TheChosenIndividual opened this issue ยท 2 comments

commented

Quick context: I was making experiments with PWR reactors to compare their output to an RBMK reactor, and then began to experiment with heat-exchanging steam compression
image
(Aka, Using the hot coolant cycled throughout the reactor to compress the steam in various stages, as seen in the image, for reactors that dont support internal steam compression, all of them except the RBMK)

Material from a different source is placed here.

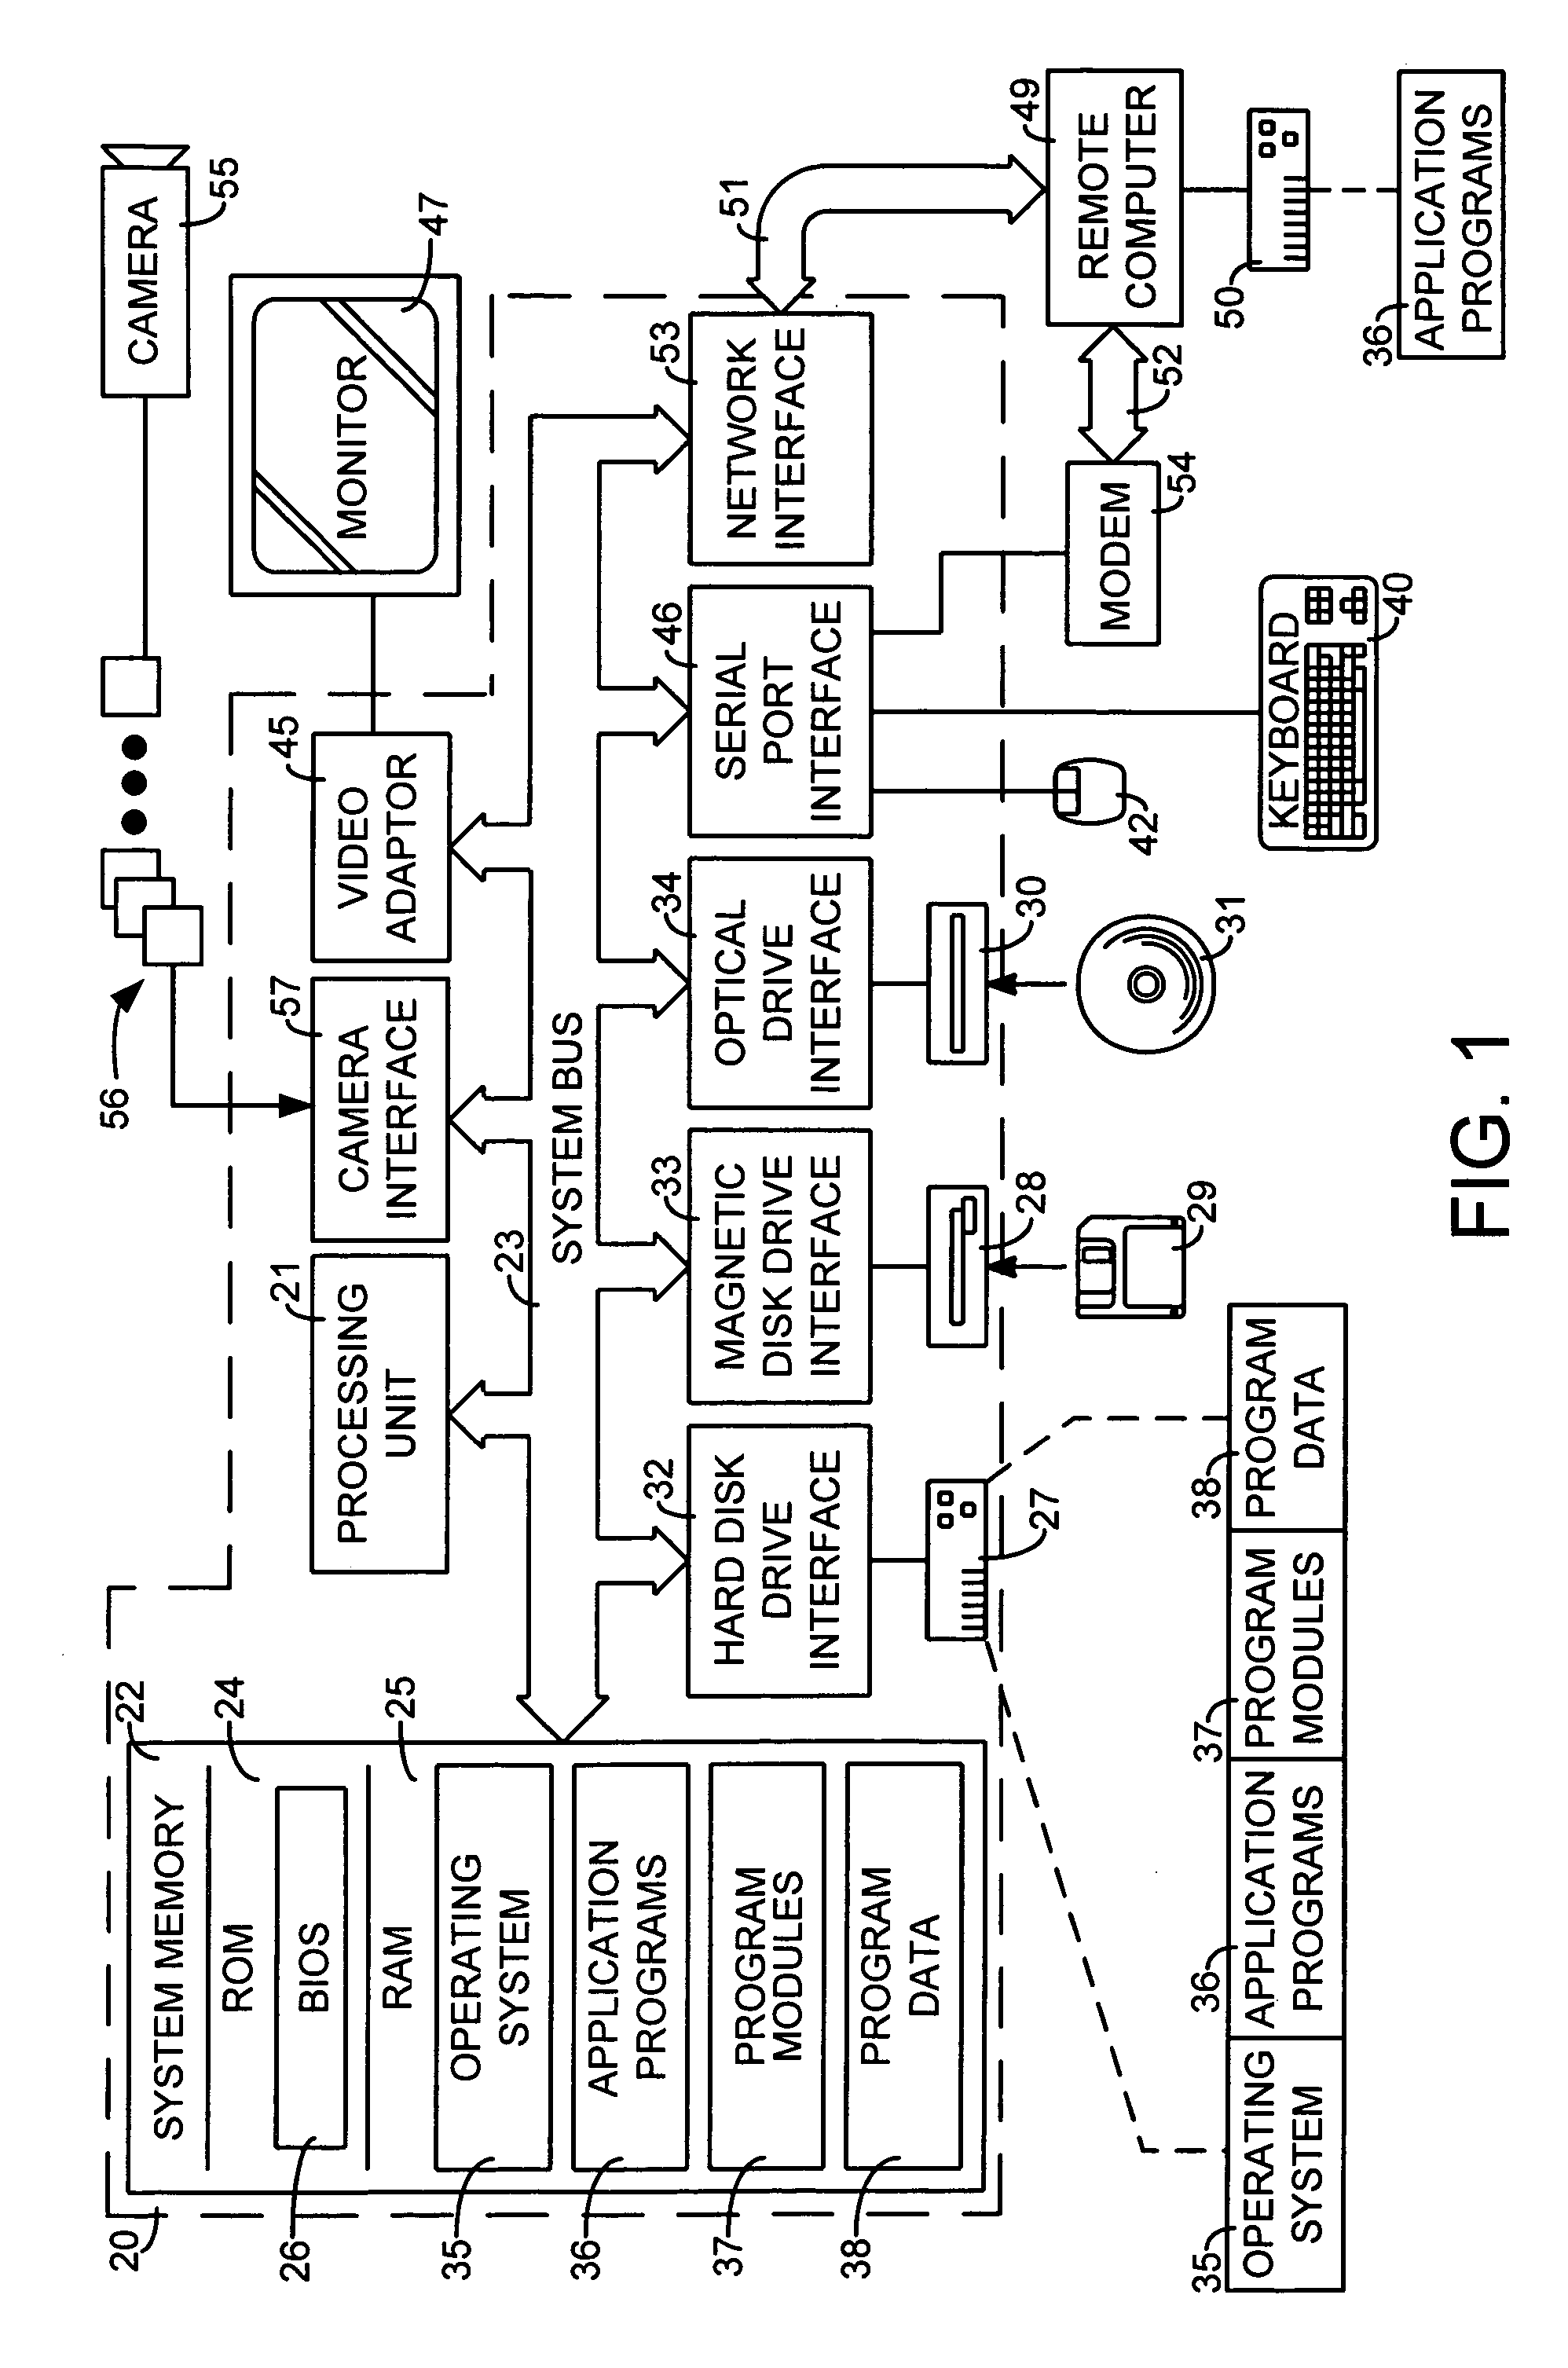 Receiver-driven layered error correction multicast over heterogeneous packet networks

Upon completing the turbines and heat exchangers setup, i realized that the energy produced was significantly lower, running some tests and looking at the game's steam compression stats, i realized that a mb of dense steam GENERATES THE EXACT SAME AMOUNT OF ENERGY as a mb of normal steam, which would be fine if they had a 1:1 conversion ratio, however, instead, they have a 10:1 conversion ratio, which means that when converting steam to dense steam, you will always objectively get less energy than if you left it at uncompressed steam, which, essentially means, that the energy harnessed by all following steps of steam compression, is always lower than what it would be if scaled correctly, maybe it was made for balance purposes and im just unaware of that, but in case it wasnt, im posting it here so it can be fixed, should be an easy fix anyway, increasing the amount of energy a mb of dense steam produces, without needing to change the conversion ratio

Thanks for reading

-Chosen

commented

Diminishing returns from compressed steam is very much intentional, the point of compressed steam is to allow higher throughput for things with limited buffer sizes, like reactors. Manually compressing steam isn't the intended way of doing it.

commented

Diminishing returns from compressed steam is very much intentional, the point of compressed steam is to allow higher throughput for things with limited buffer sizes, like reactors. Manually compressing steam isn't the intended way of doing it.

yeah i know when it comes to the actual quantity of steam, but isnt it a bit problematic that a mb of dense steam produces the same as a mb of normal steam?